ARCHE APIs are built using microservices. It means the ARCHE core service provides only a basic functionality for creating, reading, updating, and deleting (CRUD) while all other features (e.g. OAI-PMH) are handled by separate small services (called dissemination services) built on top of the core API.
ARCHE Core API #
The main ARCHE API provides the core functionality for searching, reading, creating, updating, and deleting.
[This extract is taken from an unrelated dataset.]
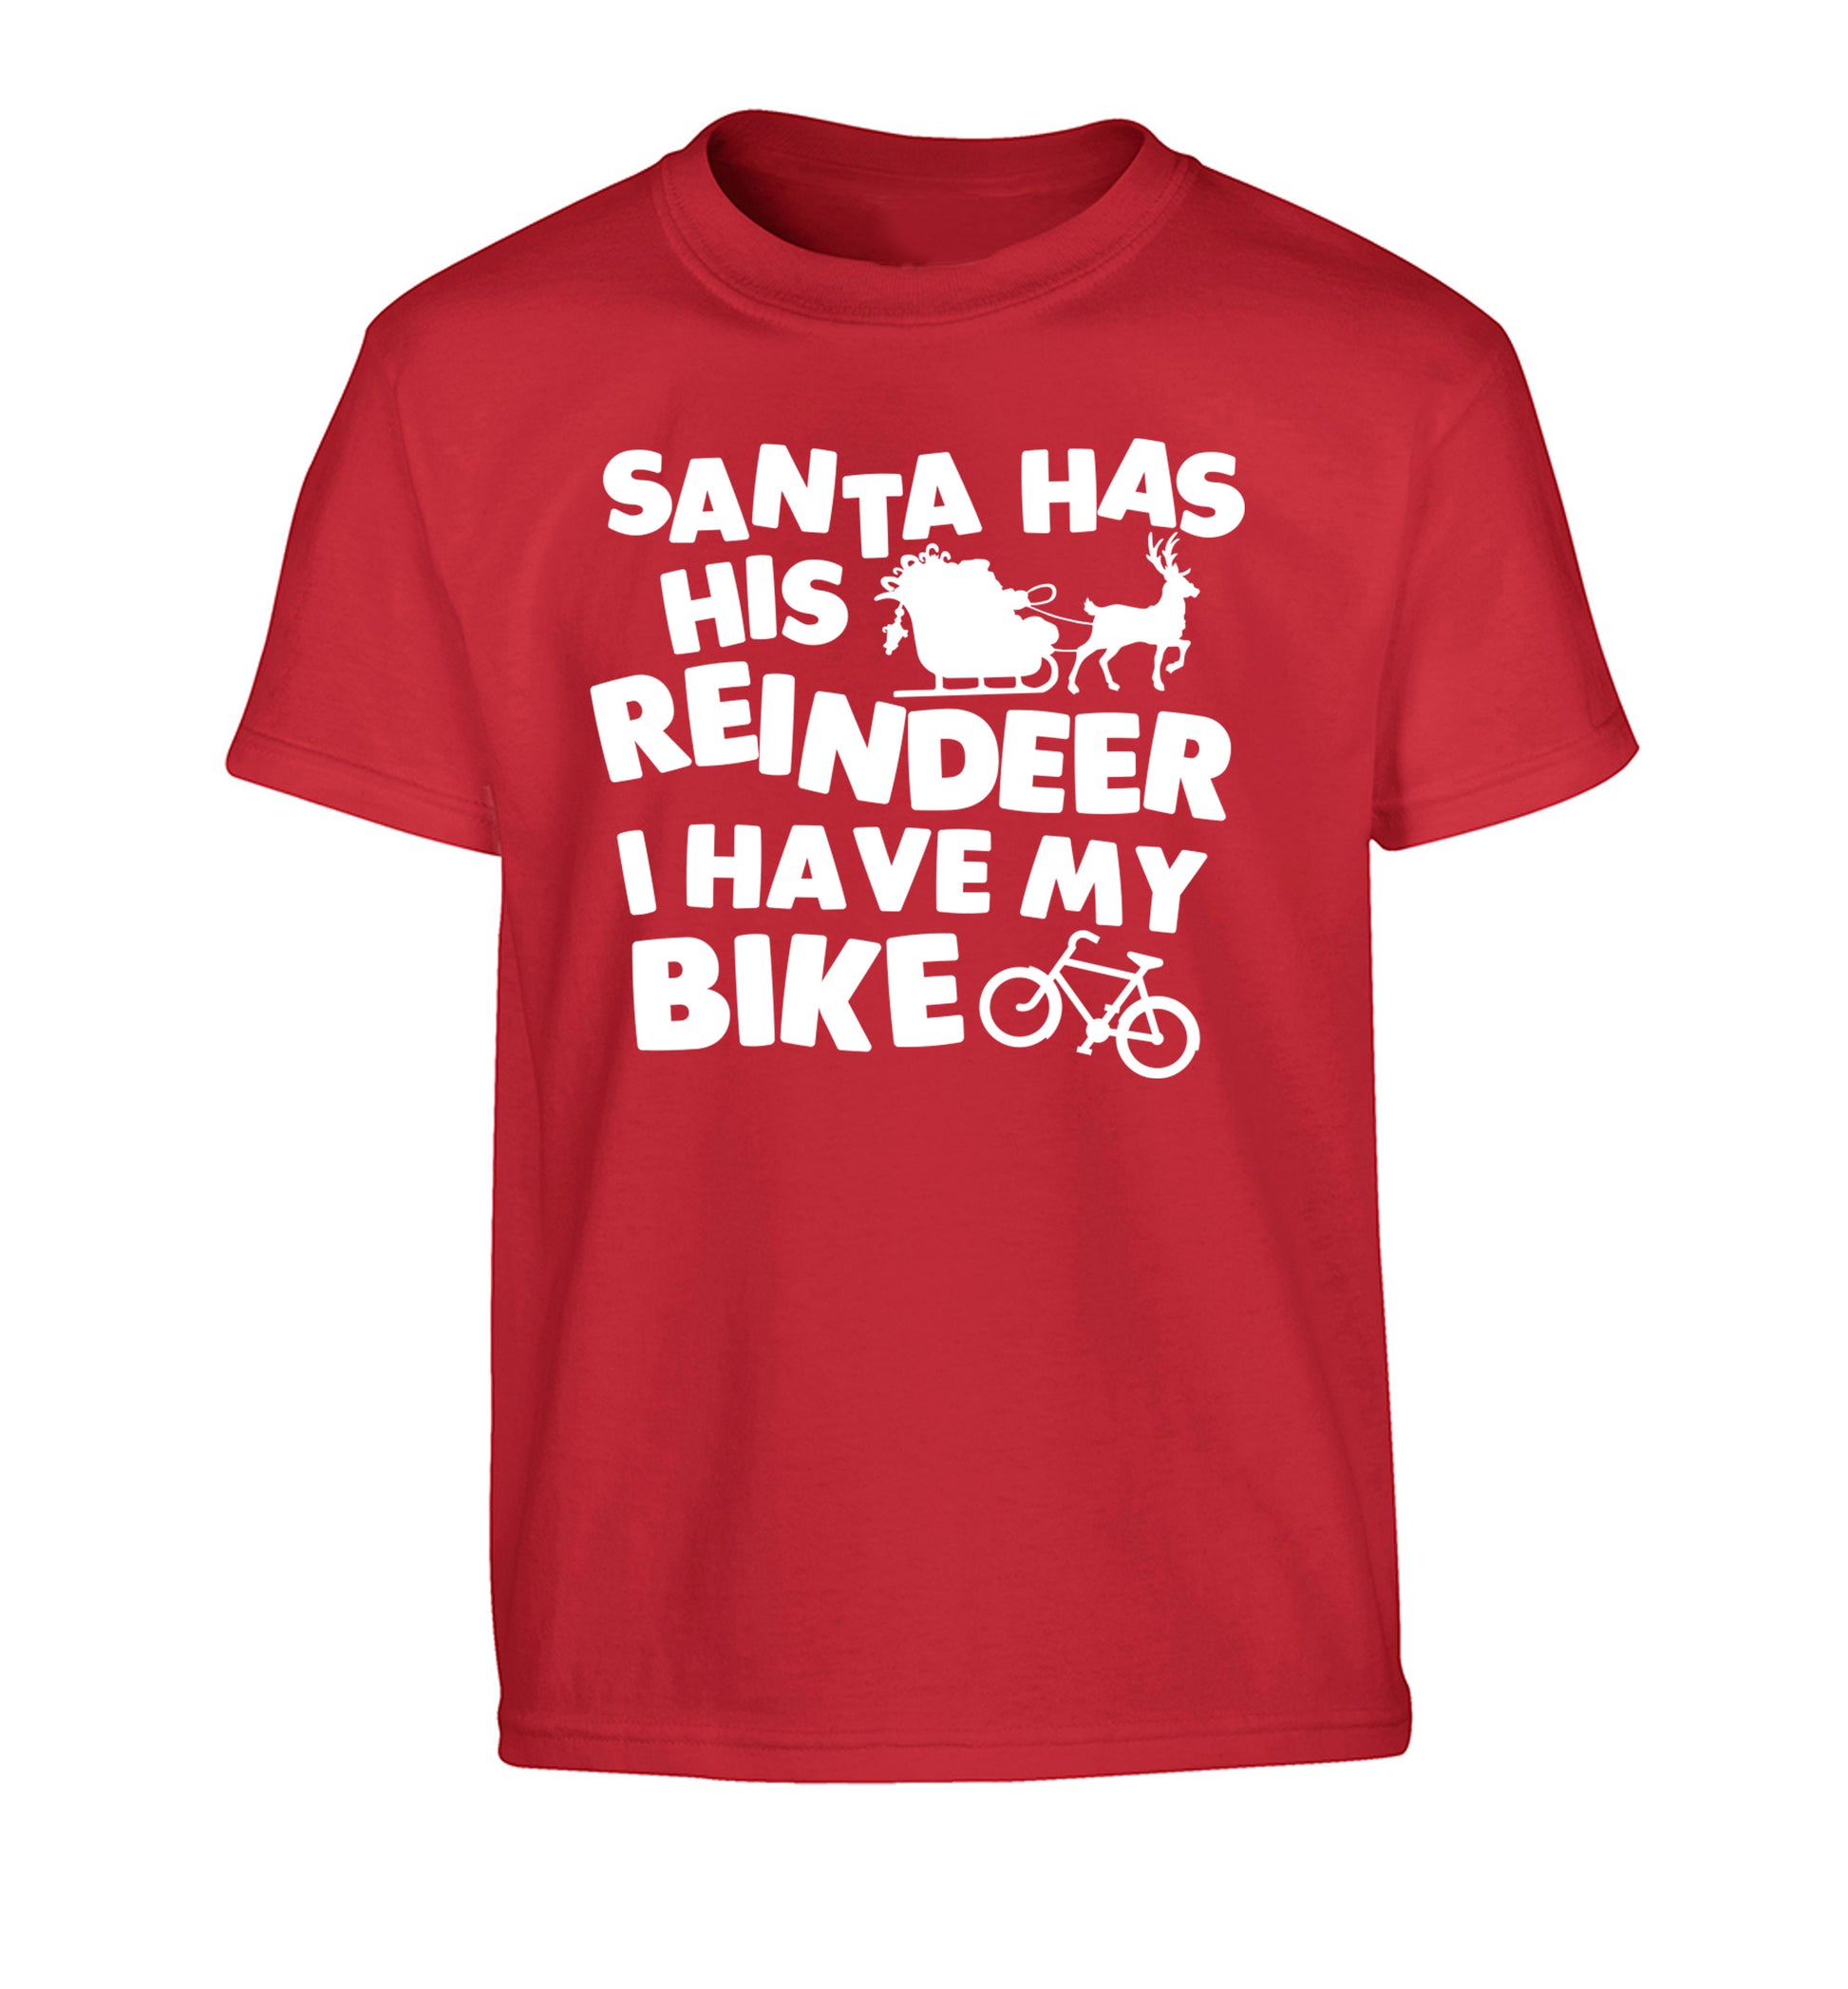 Santa has his reindeer I have my bike Children's red Tshirt 12-14 Years

It allows you to access a resource’s binary content as well as its metadata in various RDF serialisations (turtle, RDF/XML, JSON-LD, n-triples), e.g. to get RDF metadata of all resources belonging to a collection with a given identifier like https://hdl.handle.net/21.11115/0000-000C-D89B-2 in turtle format you can use:
https://arche.acdh.oeaw.ac.at/api/search?property[]=https%3A%2F%2Fvocabs.acdh.oeaw.ac.at%2Fschema%23hasIdentifier&value[]=https%3A%2F%2Fhdl.handle.net%2F21.11115%2F0000-000C-D89B-2&readMode=relativesOnly&format=text%2Fturtle
A detailed documentation of the core API (following the OpenAPI 3 standard) can be found on the SwaggerHub.
Practical tips:
- If you process the output programmatically, it is strongly advised to use the n-triples format to ensure best performance, as detailed in the Metadata API performance documentation.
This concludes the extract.